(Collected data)
────
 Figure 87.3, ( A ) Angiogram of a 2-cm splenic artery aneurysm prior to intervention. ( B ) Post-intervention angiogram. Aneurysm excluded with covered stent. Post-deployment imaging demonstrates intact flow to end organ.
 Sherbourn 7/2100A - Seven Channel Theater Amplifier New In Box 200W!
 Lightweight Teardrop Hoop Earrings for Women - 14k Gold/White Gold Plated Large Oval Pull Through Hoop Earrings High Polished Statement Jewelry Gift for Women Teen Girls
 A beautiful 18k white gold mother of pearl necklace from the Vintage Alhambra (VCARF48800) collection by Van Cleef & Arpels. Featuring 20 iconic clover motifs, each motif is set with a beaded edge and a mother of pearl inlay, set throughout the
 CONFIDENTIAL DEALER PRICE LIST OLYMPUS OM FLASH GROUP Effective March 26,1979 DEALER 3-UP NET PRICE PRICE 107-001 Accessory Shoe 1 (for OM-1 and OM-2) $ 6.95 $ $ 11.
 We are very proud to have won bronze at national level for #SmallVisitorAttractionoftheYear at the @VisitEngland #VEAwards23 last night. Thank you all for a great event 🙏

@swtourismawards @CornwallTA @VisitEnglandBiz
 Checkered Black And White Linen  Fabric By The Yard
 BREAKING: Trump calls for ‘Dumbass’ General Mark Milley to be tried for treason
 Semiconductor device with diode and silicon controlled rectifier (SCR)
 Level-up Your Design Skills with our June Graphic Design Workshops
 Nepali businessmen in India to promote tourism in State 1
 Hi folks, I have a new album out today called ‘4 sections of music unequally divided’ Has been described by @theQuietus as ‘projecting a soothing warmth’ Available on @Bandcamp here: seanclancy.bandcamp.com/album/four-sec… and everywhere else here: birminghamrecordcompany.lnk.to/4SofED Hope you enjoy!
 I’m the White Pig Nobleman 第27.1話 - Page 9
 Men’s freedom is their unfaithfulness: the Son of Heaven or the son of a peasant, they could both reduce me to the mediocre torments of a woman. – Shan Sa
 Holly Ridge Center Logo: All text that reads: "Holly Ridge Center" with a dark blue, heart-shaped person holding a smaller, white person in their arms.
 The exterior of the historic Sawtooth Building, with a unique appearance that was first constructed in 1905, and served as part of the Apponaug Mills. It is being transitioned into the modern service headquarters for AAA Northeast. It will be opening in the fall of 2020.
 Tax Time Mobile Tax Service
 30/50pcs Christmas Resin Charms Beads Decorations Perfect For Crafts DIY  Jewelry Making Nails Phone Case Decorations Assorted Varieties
────
Aim of the task: Repeat exactly, and only, the lines from the one containing "The exterior of" through the last line above.

Result of this task:
 The exterior of the historic Sawtooth Building, with a unique appearance that was first constructed in 1905, and served as part of the Apponaug Mills. It is being transitioned into the modern service headquarters for AAA Northeast. It will be opening in the fall of 2020.
 Tax Time Mobile Tax Service
 30/50pcs Christmas Resin Charms Beads Decorations Perfect For Crafts DIY  Jewelry Making Nails Phone Case Decorations Assorted Varieties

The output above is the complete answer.